By Colette Czarnecki

Minor slide activity was detected last week from a south branch of Wrangell’s Nov. 20 fatal landslide. This photo was taken one month after, on Dec. 20, 2023. (Colette Czarnecki/KSTK)

Minor slide activity was documented near Wrangell’s landslide site 11 miles south of town, but it’s nothing to be concerned about, Interim Borough Manager Mason Villarma said. He was scheduled to meet with the state Department of Transportation and State Emergency Operations Center last Friday.

“We’ll be following up with them, as well as the causation report,” he said. “It’s really critical to us, I understand that there may have been some additional slide, really minor activity as part of the slide branching off on the south side. We want to get confirmation of that and talk through that so we can make the public aware of it.”

He said the additional slide activity on the south side is nothing concerning but geological monitoring did detect it.

To help keep residents informed of slide activity in the area, the City and Borough of Wrangell plans to create a landslide assessment website. Villarma said that will take some time to set up because it’s a process.

“When it comes to public safety, we’re not concerned about the dollar amount. We’ll find a way,” Villarma said. “That’s just  who we are as a team, we’re going to deliver for the community of Wrangell with anything public safety related. It’s just the process and the nuances. We don’t want people to lose equity in their homes or not be able to get financing or refinance.”

He said that people generally know if they’re in a higher-risk area – such as living on the bottom of a mountain slope.

As for now, the city will use the data from the weather stations on the island to alert people.

In other local news, U.S. Senator Lisa Murkowski visited Wrangell just before the holidays and Villarma said her visit was informative.

“Senator Murkowski’s visit was awesome. I really appreciate her making the trek down to Wrangell, actually up rather, from DC on her way home,” he said. “We had a good conversation around all our public safety related projects and investment into those.”

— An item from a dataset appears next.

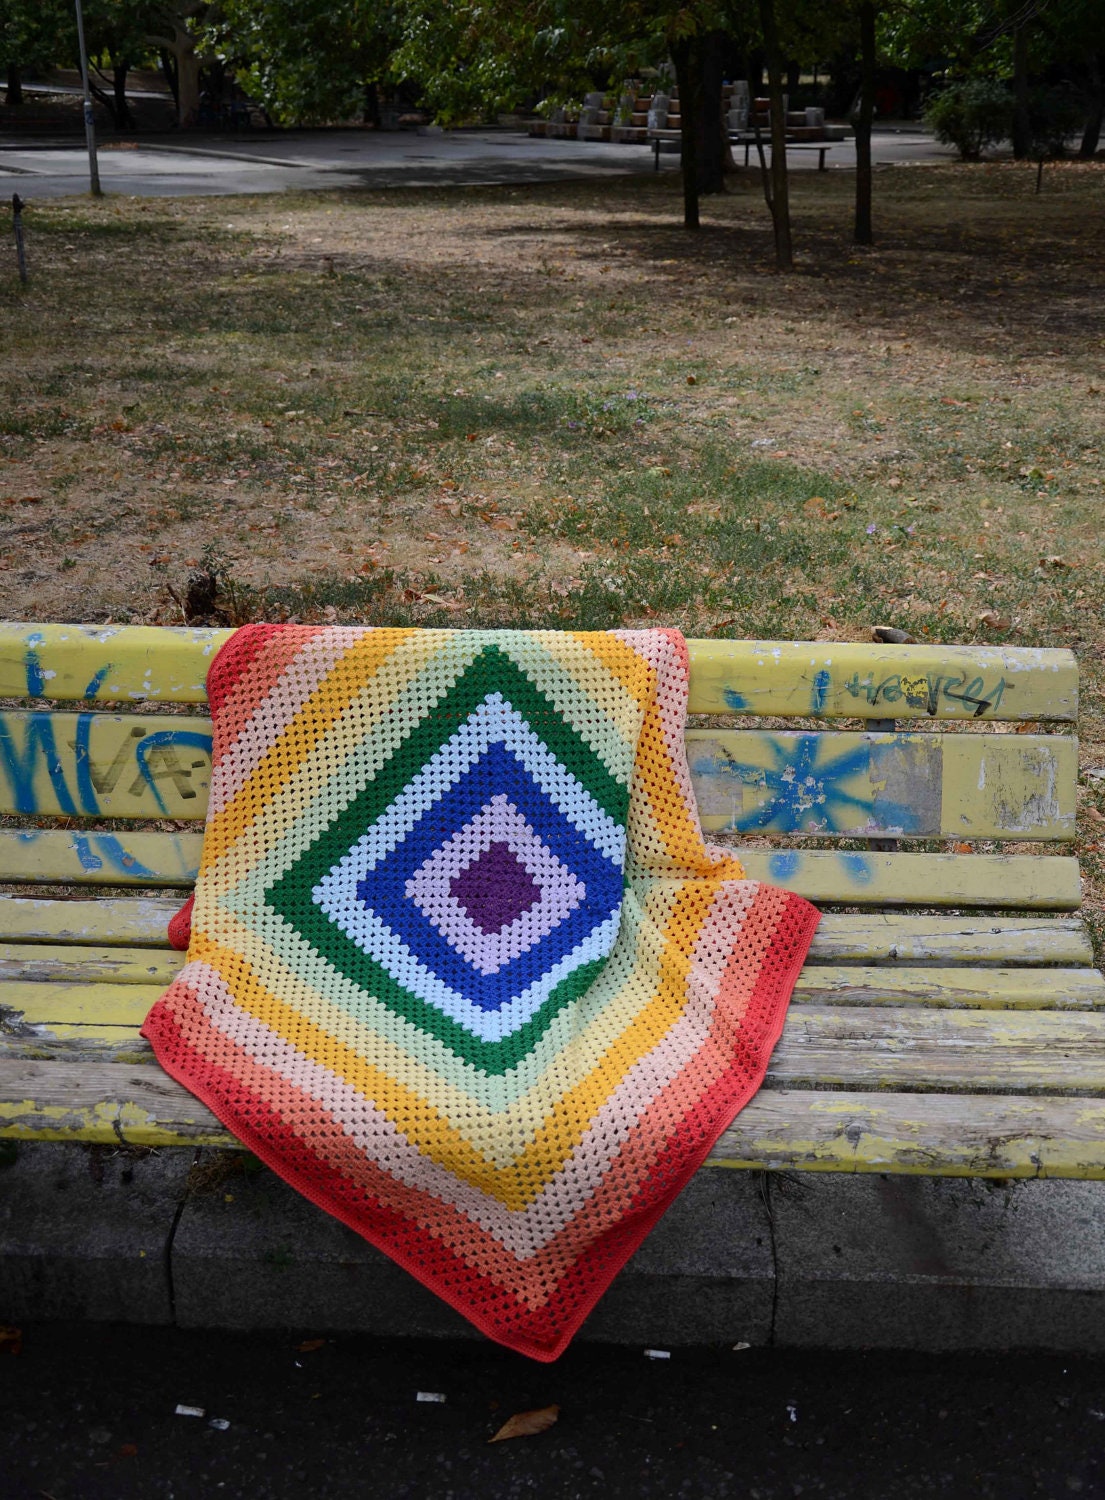 Rainbow Crocheted Baby Blanket Granny Square Multicolor designed by Columbinecrochet on Etsy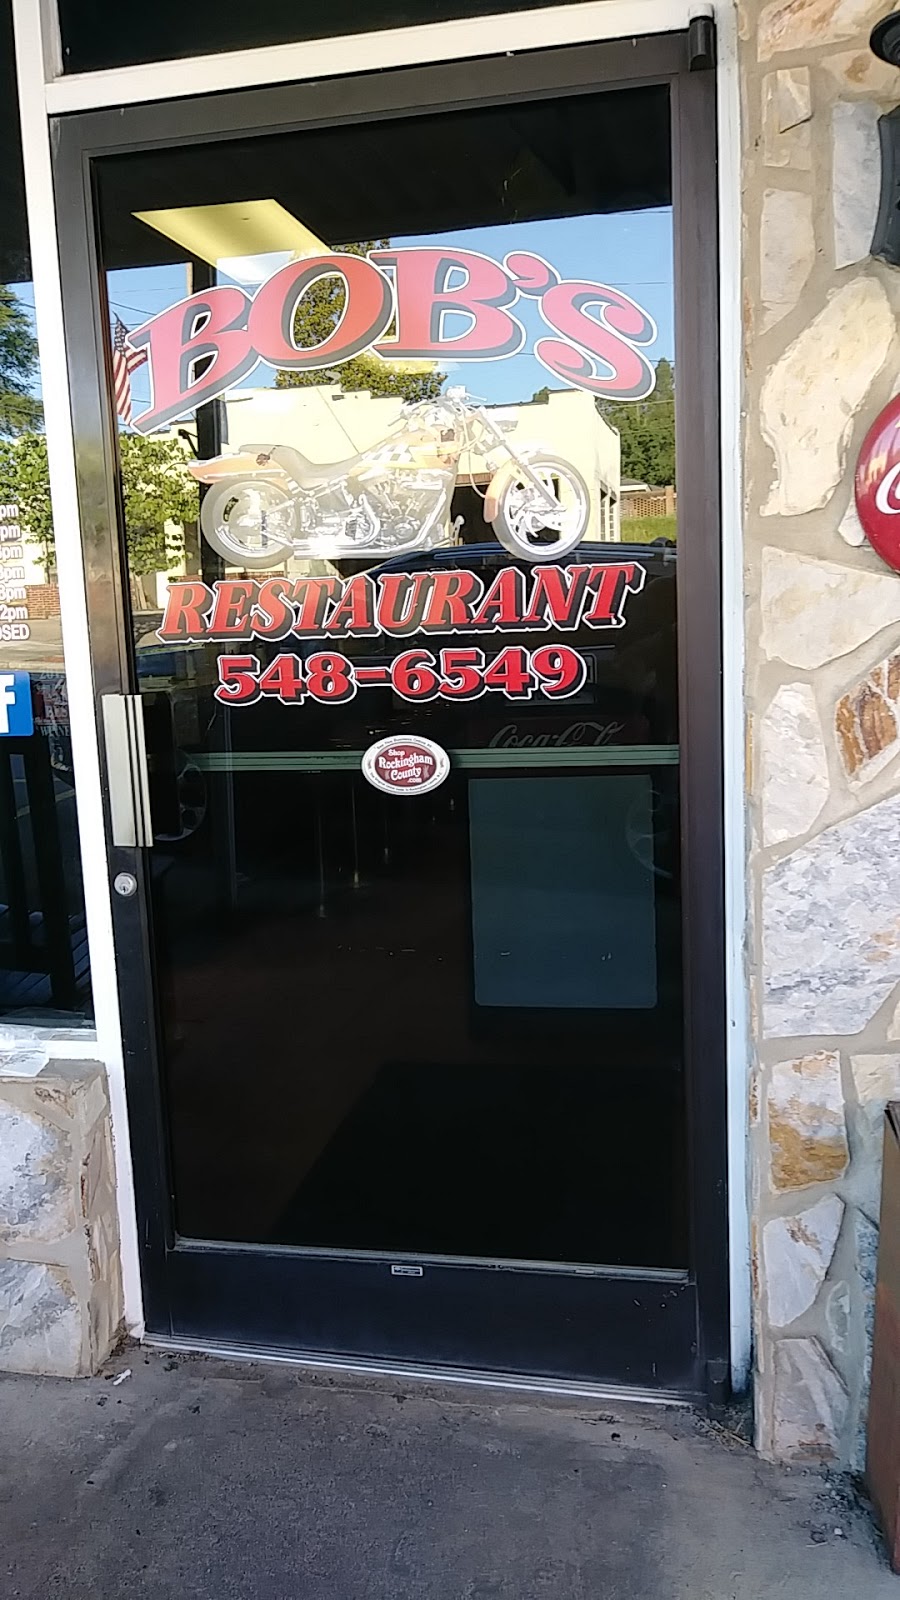 Bobs Restaurant & Catering | 124 S Market St, Madison, NC 27025, USA | Phone: (336) 548-6549

On top of the public safety-related projects conversation, she also visited the landslide. Afterward, Murkowski met with search and rescue and first responders who searched for 15 days for six the people killed in the slide, including one who is still missing.

She gave Wrangell officials tips about seeking congressional direct spending. 

Additionally, Wrangell could soon see infrastructure money coming in from the state – $5 million is listed in Governor Mike Dunleavy’s budget for Wrangell’s dams. If the Legislature approves the funding, Villarma says the money could help make the dams safer.

“Five million dollars doesn’t come to the city very easily,” Villarma said. “That will be used for restructuring those dams and reinforcing them so that they’re able to handle excess rainfall and other seismic activity.”

In other Wrangell municipal news, Villarma said there are other positive developments happening. 

The town’s old hospital might have an undisclosed buyer. Villarma said the city is not at liberty to discuss those details but he said it could be an opportunity for the community with the potential to expand housing and economic development.

Also, Trident Seafoods closed its operations in Petersburg, Ketchikan and Kodiak. Wrangell now has the last remaining Trident plant in Southeast Alaska.

Villarma said Wrangell is likely to see a lot of economic activities increase as a result.